◆ Raw data ◆
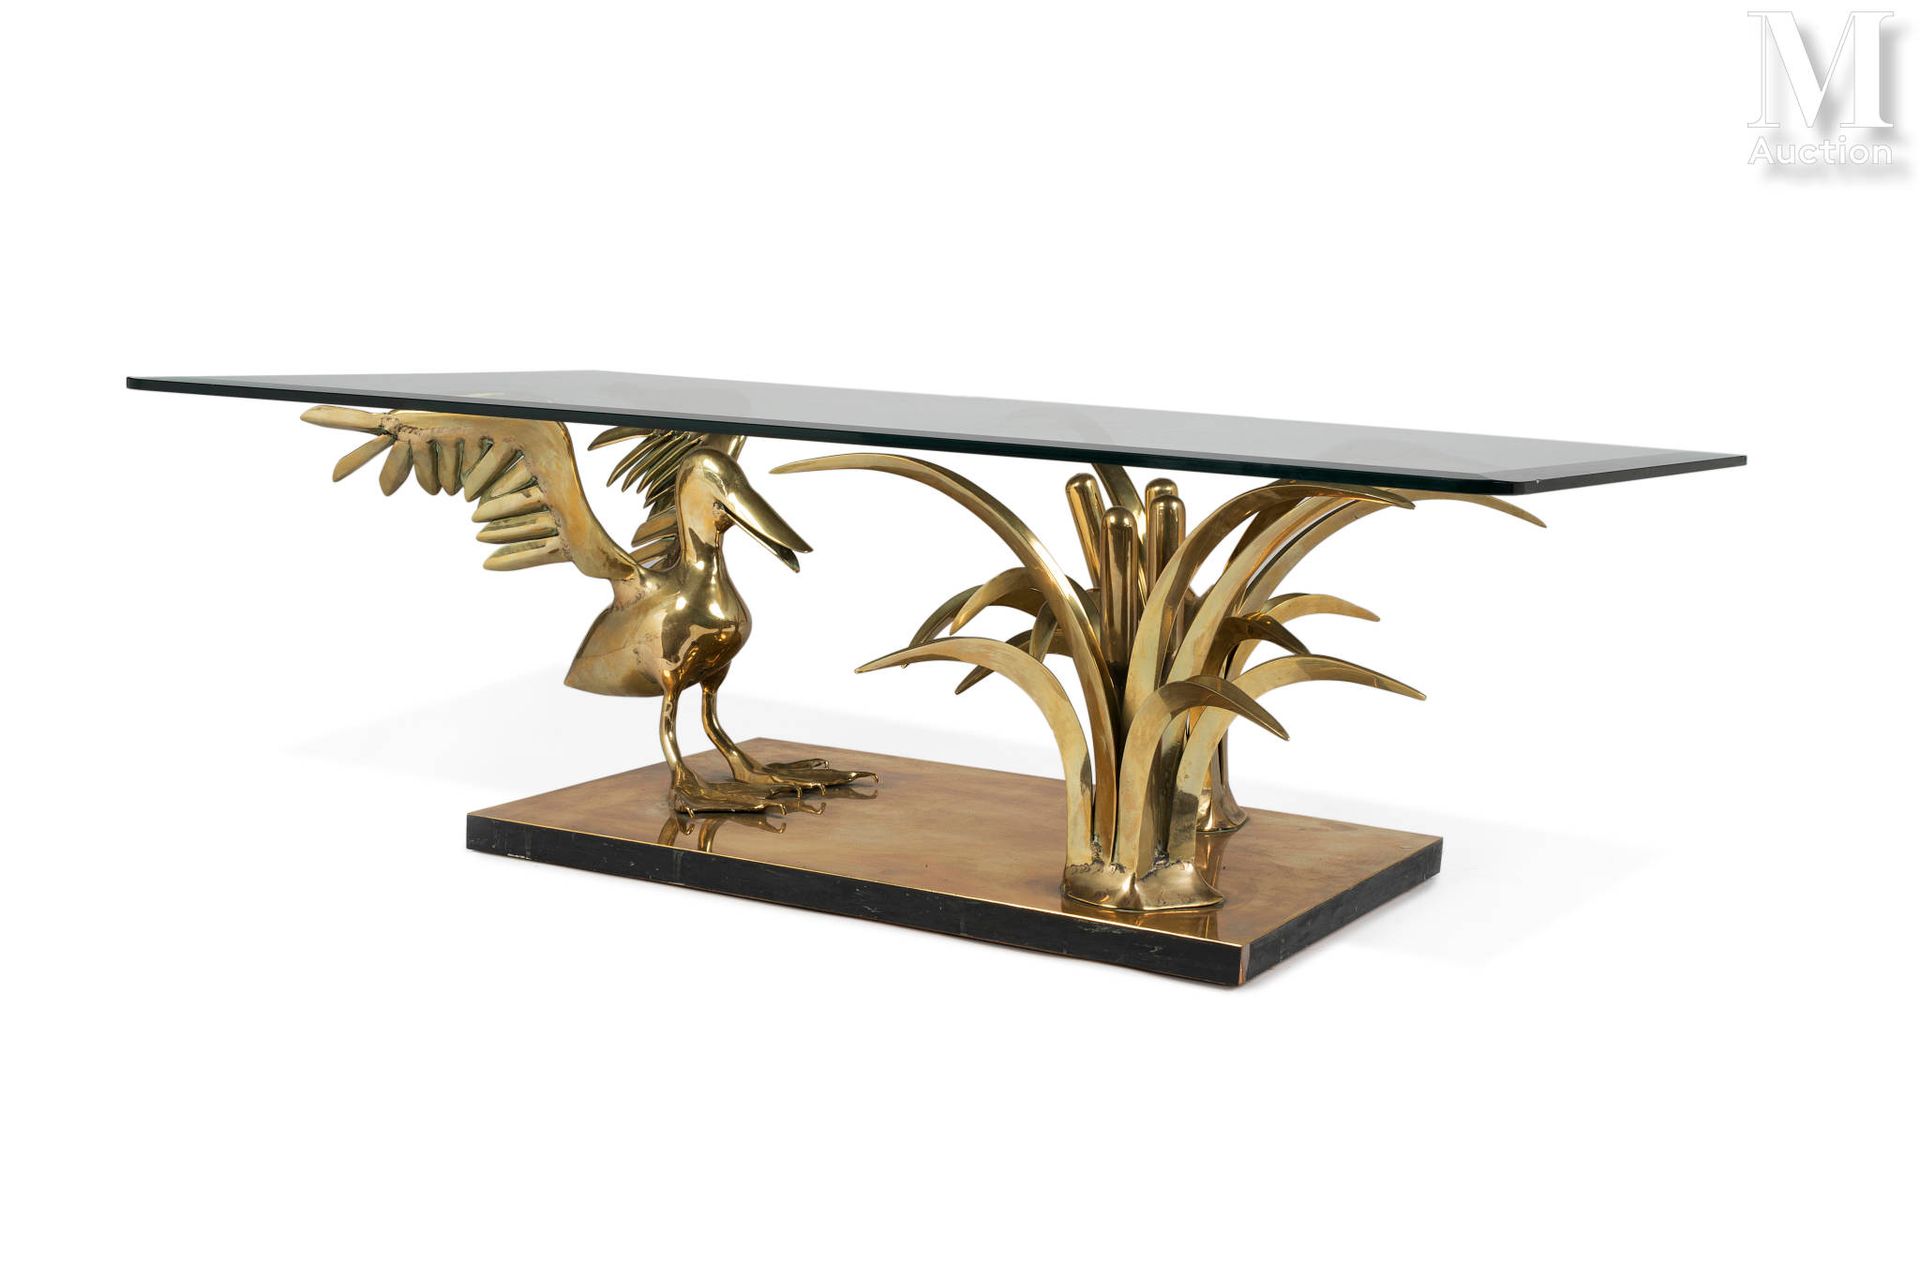 Null Christian TECHOUEYRES (XX - XXI)

Low table with brass and gilded bronze st&hellip;
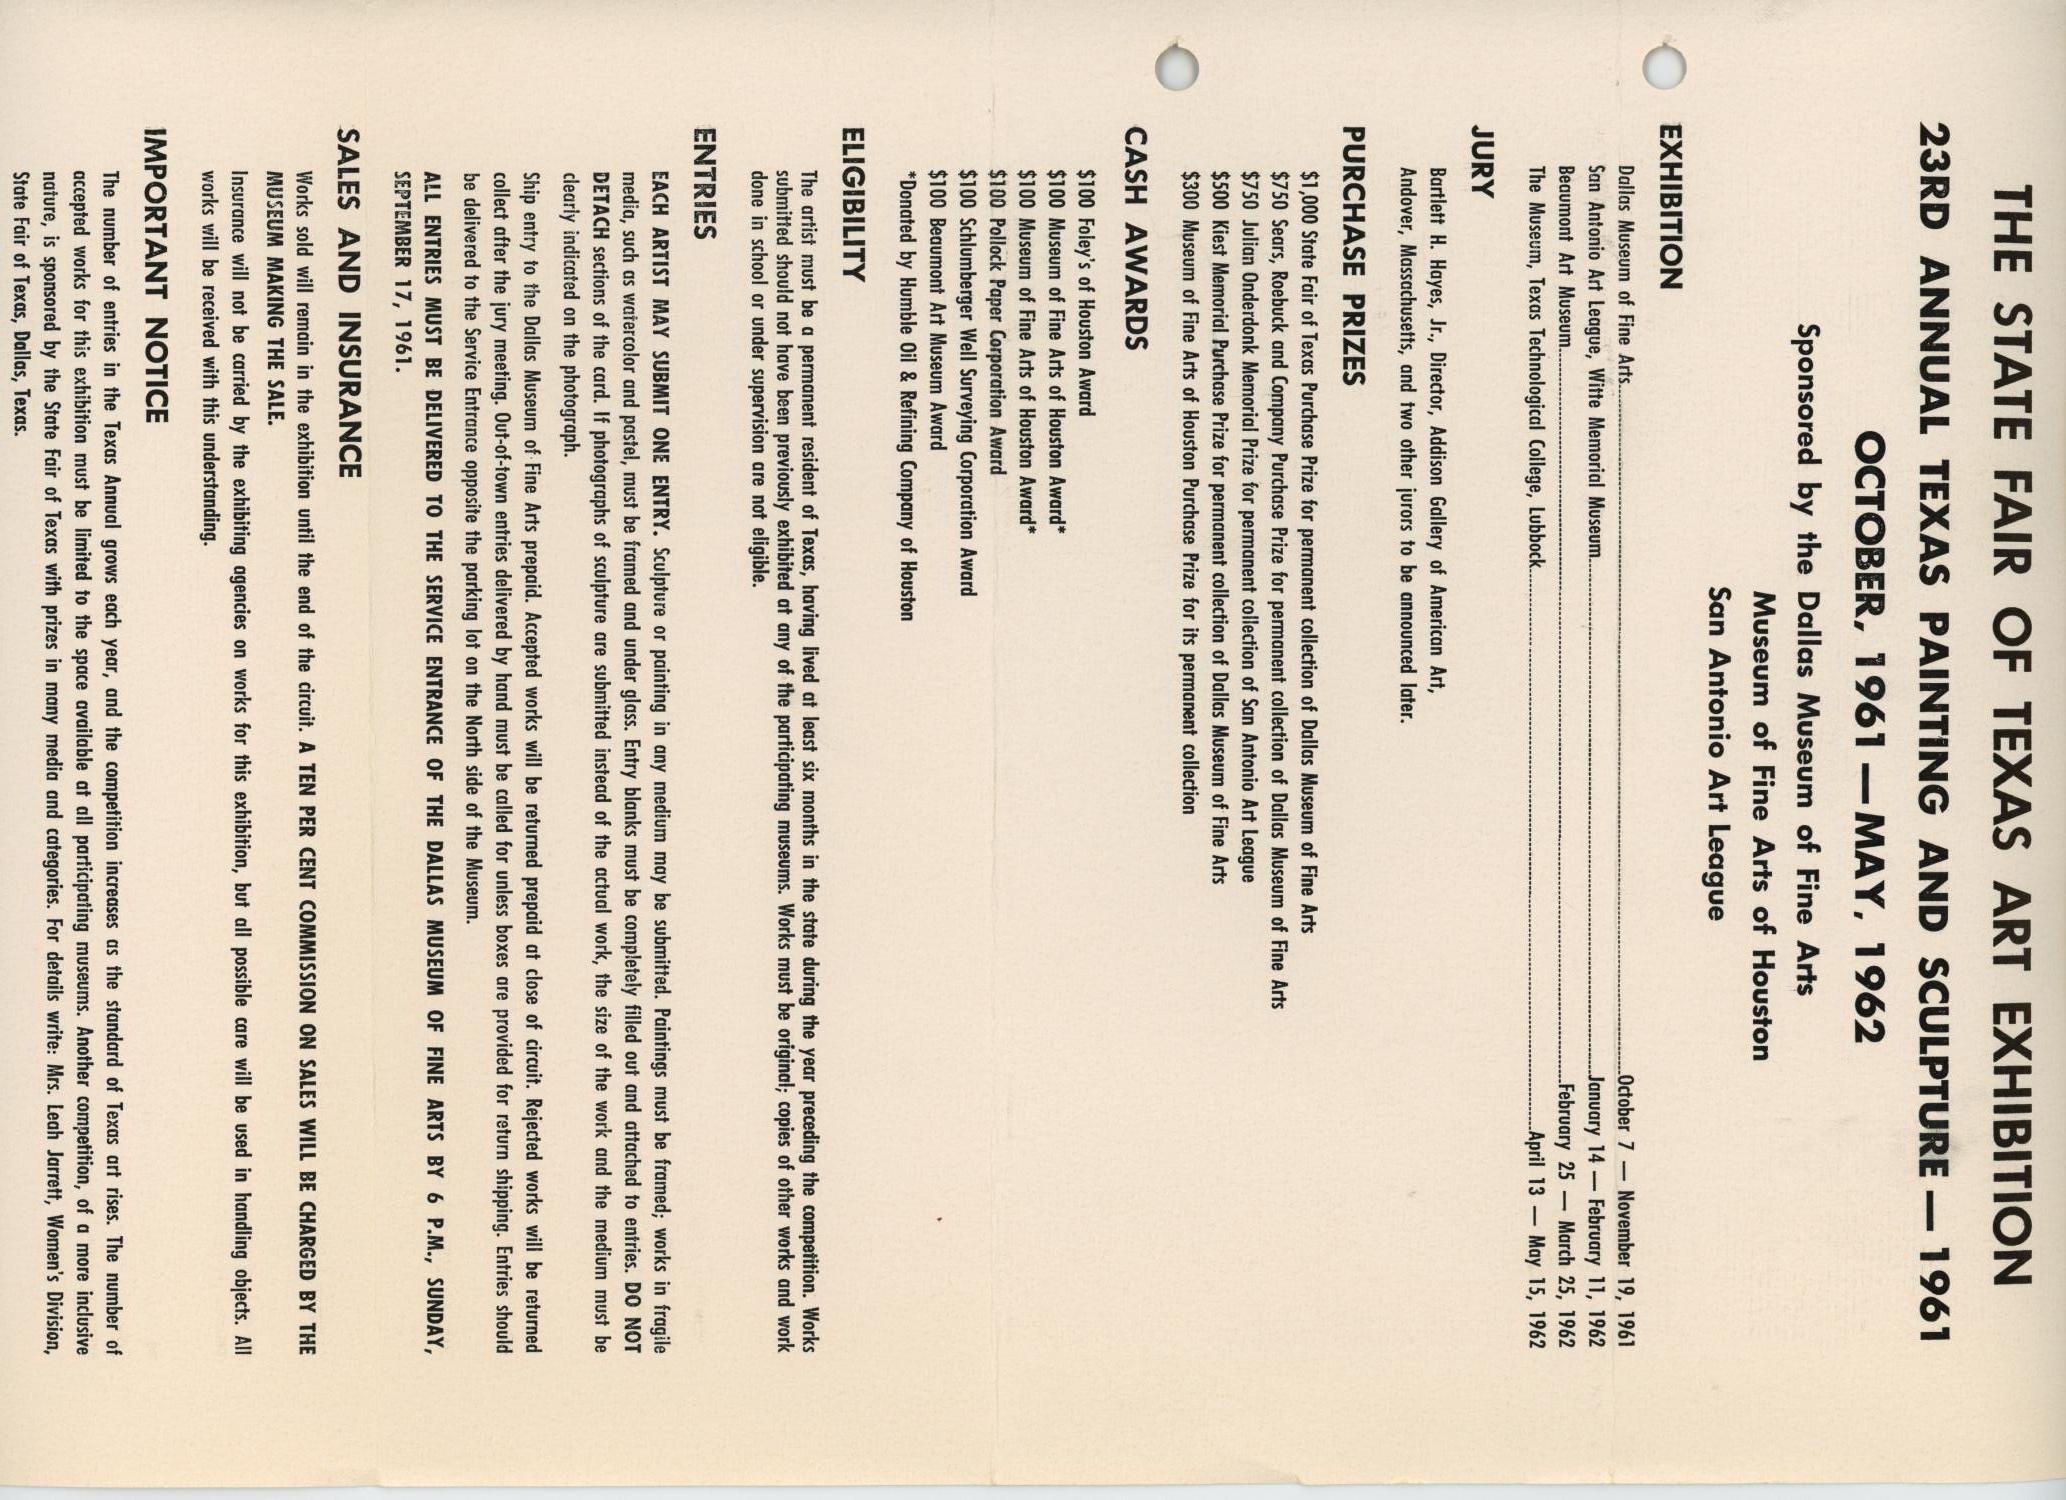 The State Fair of Texas Art Exhibition: 23rd Annual Texas Painting and Sculpture - 1961 [Fact Sheet]
                                                
                                                    [Sequence #]: 1 of 1

◆ Work required ◆
Every line of the data above should be quoted exactly. Omit the pictures.

◆ Task result ◆
 Null Christian TECHOUEYRES (XX - XXI)

Low table with brass and gilded bronze st&hellip;
 The State Fair of Texas Art Exhibition: 23rd Annual Texas Painting and Sculpture - 1961 [Fact Sheet]
                                                
                                                    [Sequence #]: 1 of 1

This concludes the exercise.